Acasti Pharma Inc. (“Acasti or the “Company”) (NASDAQ: ACST –
TSX-V: ACST), a biopharmaceutical innovator focused on the
research, development and commercialization of its prescription
drug candidate CaPre® (omega-3 phospholipid) for the treatment of
severe hypertriglyceridemia (HTG), today announced that the
Company’s TRILOGY 2 trial studying CaPre in patients with severe
hypertriglyceridemia has achieved 100% patient randomization.
This follows the Company’s prior announcement in April 2019 that
the Company’s TRILOGY 1 trial had achieved 100% patient
randomization.
The Company also announced that its two on-going
Phase 3 TRILOGY trials (TRILOGY 1 and TRILOGY 2) have exceeded the
target of a combined 500 randomized patients, and more than 60% of
the patients in both trials have already completed their 6-month
treatment plan.
The fact that both studies have now reached full
randomization means that the “last patient, last visit” in the
TRILOGY 1 trial is on track to take place in November, and the
“last patient, last visit” in the TRILOGY 2 trial is on track to
take place in December. It is then anticipated to take
approximately 1 month for data clean-up prior to moving to database
lock. Once the database is locked, the Company expects
topline results for TRILOGY 1 to be released in December 2019 and
TRILOGY 2 to be released in January 2020. Topline results will
include readout of the primary endpoint, which will show CaPre’s
overall impact on lowering triglycerides after 12 weeks. In
addition, the topline results will include CaPre’s impact on
several important secondary endpoints such as LDL, VLDL and HDL
cholesterol and non-HDL cholesterol, as well as HbA1c, an
exploratory endpoint which is an important biomarker of glucose
control for diabetic patients. The full data set will include
results on a number of additional lipid, metabolic and inflammatory
markers including CRP, APOA1, APOB, APOA5, APOC3, Lp-PLA2, PCSK9,
RLP-C and others. The Company plans to submit the full data set as
a late breaker presentation at the American College of Cardiology
at the end of March 2020.
Pierre Lemieux, Ph.D., COO and CSO of Acasti,
commented, “Both of our TRILOGY Phase 3 trials remain on track and
are proceeding according to plan. Consistent with our prior
disclosures, there have been no severe adverse events associated
with our product to date, and we continue to experience a lower
than expected drop-out rate, supporting the high safety profile and
patient acceptability of CaPre. Importantly, we are encouraged by
the growing excitement within the industry as we eagerly await the
results of our TRILOGY program. We appreciate the on-going
support of all of the investigators involved with these trials at
more than 150 clinical sites across the U.S., Canada, and Mexico.”
About CaPre (omega-3
phospholipid)
Acasti’s prescription drug candidate, CaPre, is
a highly purified omega-3 phospholipid concentrate derived from
krill oil, and is being developed to treat severe
hypertriglyceridemia, a metabolic condition that contributes to
increased risk of cardiovascular disease and pancreatitis. Its
omega-3s, principally EPA and DHA, are either “free” or bound to
phospholipids, which allows for better absorption into the body.
Acasti believes that EPA and DHA are more efficiently transported
by phospholipids sourced from krill oil than the EPA and DHA
contained in fish oil that are transported either by triglycerides
(as in dietary supplements) or as ethyl esters in other
prescription omega-3 drugs, which must then undergo additional
digestion before they are ready for transport in the bloodstream.

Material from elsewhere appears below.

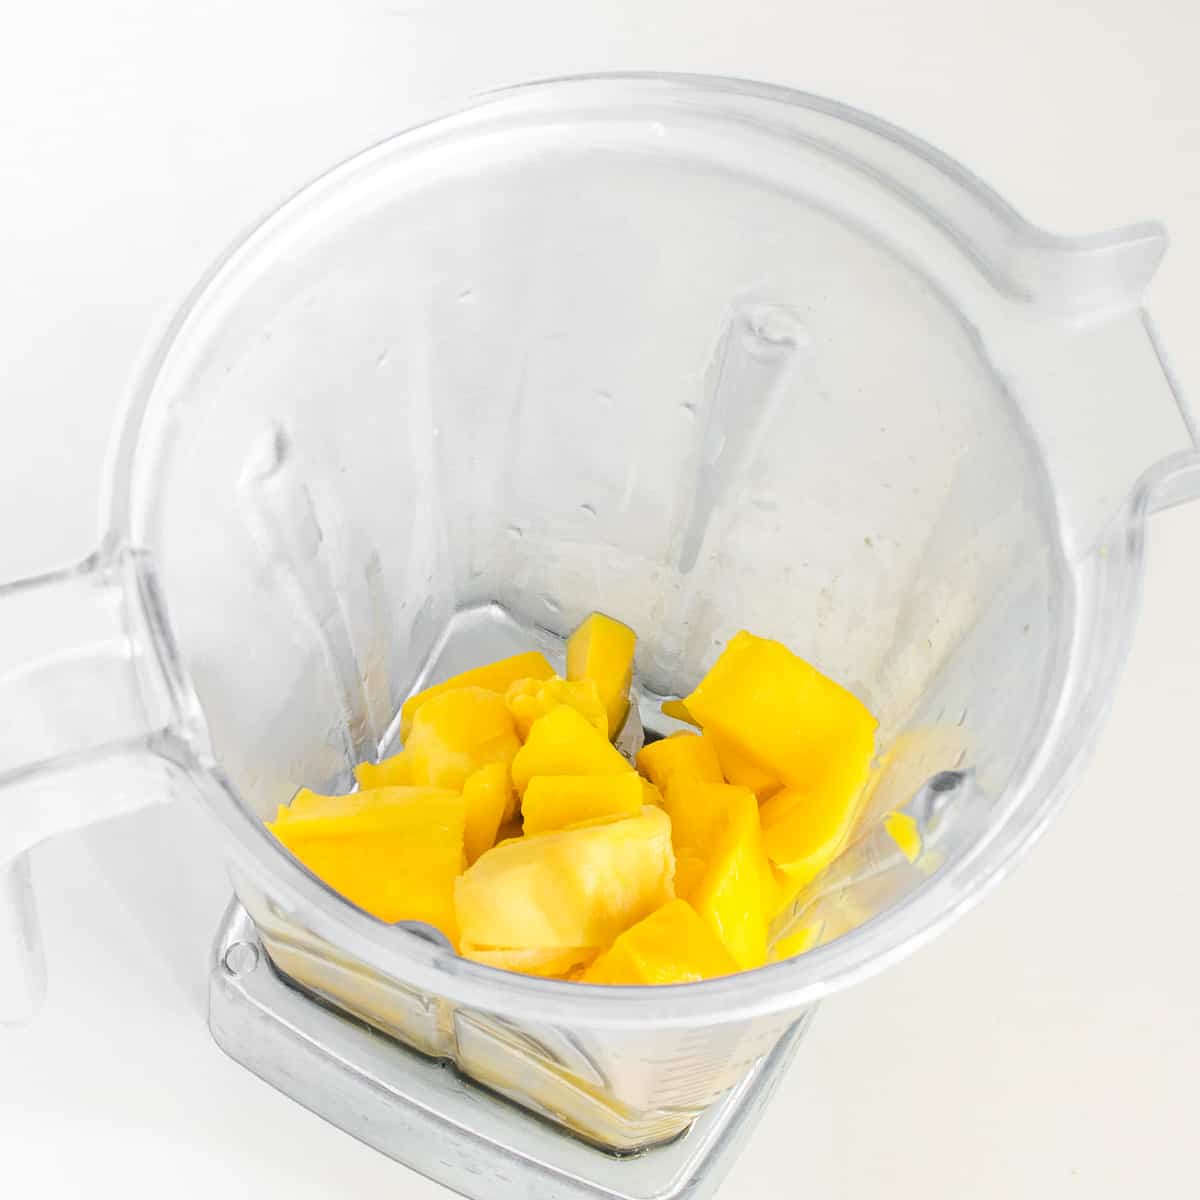 mangoes in a blender.
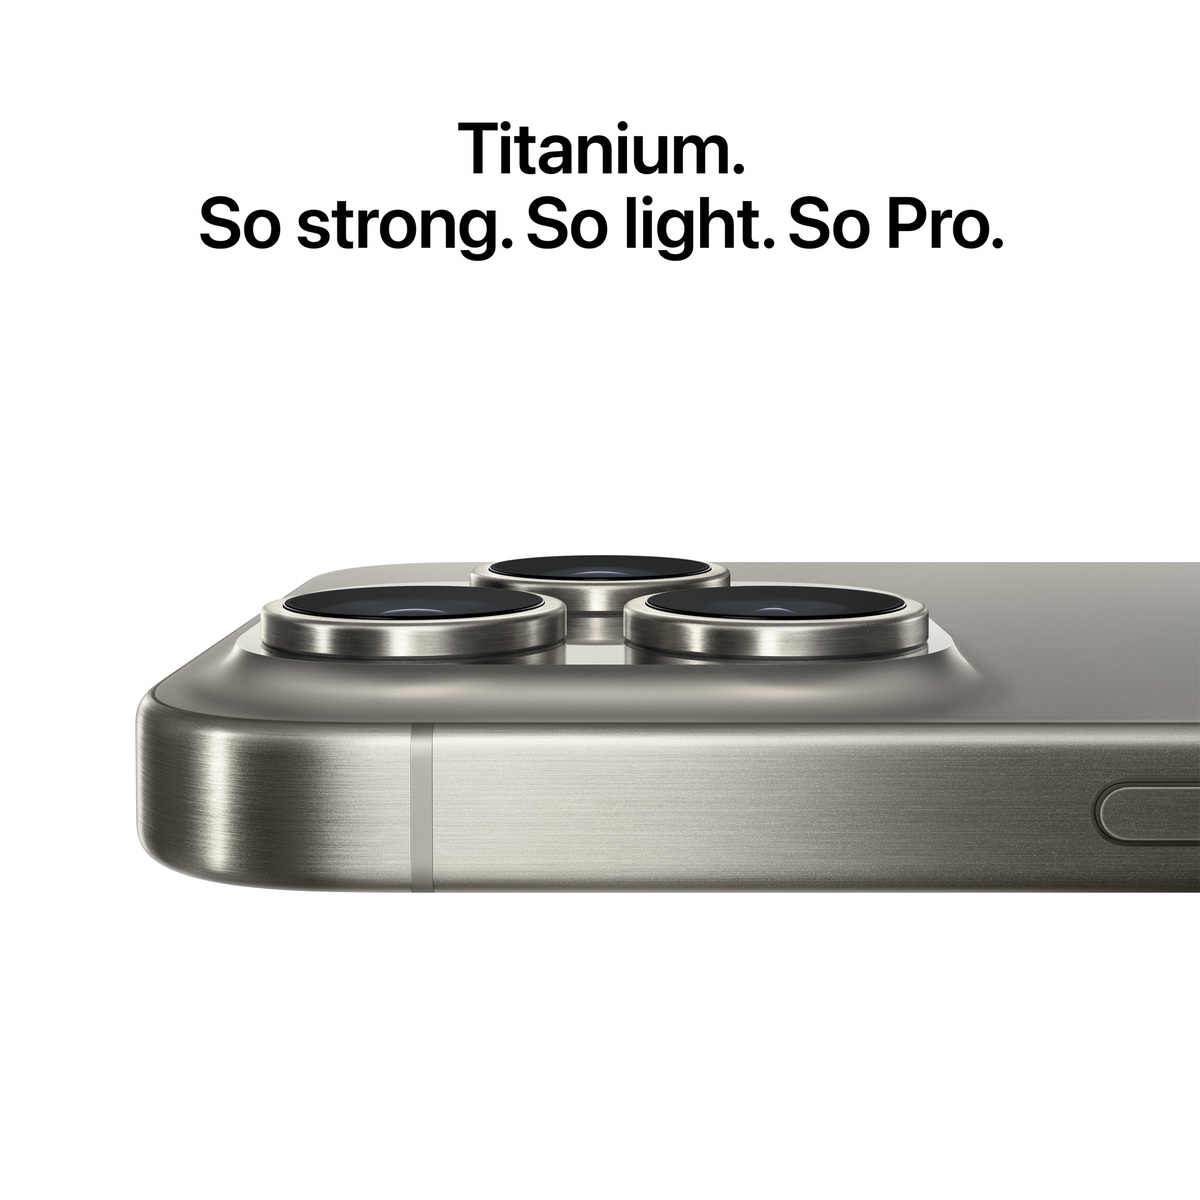 Apple iPhone15 Pro Max, 256 GB Storage, White Titanium

Clinically, the phospholipids may not only improve the absorption,
distribution, and metabolism of omega-3s, but they may also
decrease the synthesis of LDL cholesterol in the liver, impede or
block cholesterol absorption, and stimulate lipid secretion from
bile. In two Phase 2 studies, CaPre achieved a statistically
significant reduction of triglycerides and non-HDL cholesterol
levels in patients across the dyslipidemia spectrum from patients
with mild to moderate hypertriglyceridemia (patients with TG blood
levels between 200mg/dl and 500mg/dl) to patients with severe
hypertriglyceridemia (those with TG levels above 500mg/dl).
Furthermore, in the Phase 2 studies, CaPre demonstrated the
potential to reduce LDL, or “bad cholesterol”, as well as the
potential to increase HDL, or “good cholesterol”, especially at the
therapeutic dose of 4 grams/day. The Phase 2 data also showed a
significant reduction of HbA1c at a 4 gram dose, suggesting that
due to its unique omega-3/phospholipid composition, CaPre may
actually improve long-term glucose metabolism. Acasti’s TRILOGY
Phase 3 program is currently underway.
About Acasti Pharma
Acasti Pharma is a biopharmaceutical innovator
advancing a potentially best-in-class cardiovascular drug, CaPre®
(omega-3 phospholipid), for the treatment of hypertriglyceridemia,
a chronic condition affecting an estimated one third of the U.S.
population. Since its founding in 2008, Acasti Pharma has focused
on addressing a critical market need for an effective, safe and
well-absorbing omega-3 therapeutic that can make a positive impact
on the major blood lipids associated with cardiovascular disease
risk. Acasti Pharma is developing CaPre in a Phase 3 clinical
program in patients with severe hypertriglyceridemia, a market that
includes 3 to 4 million patients in the U.S. The addressable market
may expand significantly if omega-3s demonstrate long-term
cardiovascular benefits in on-going third-party outcomes studies.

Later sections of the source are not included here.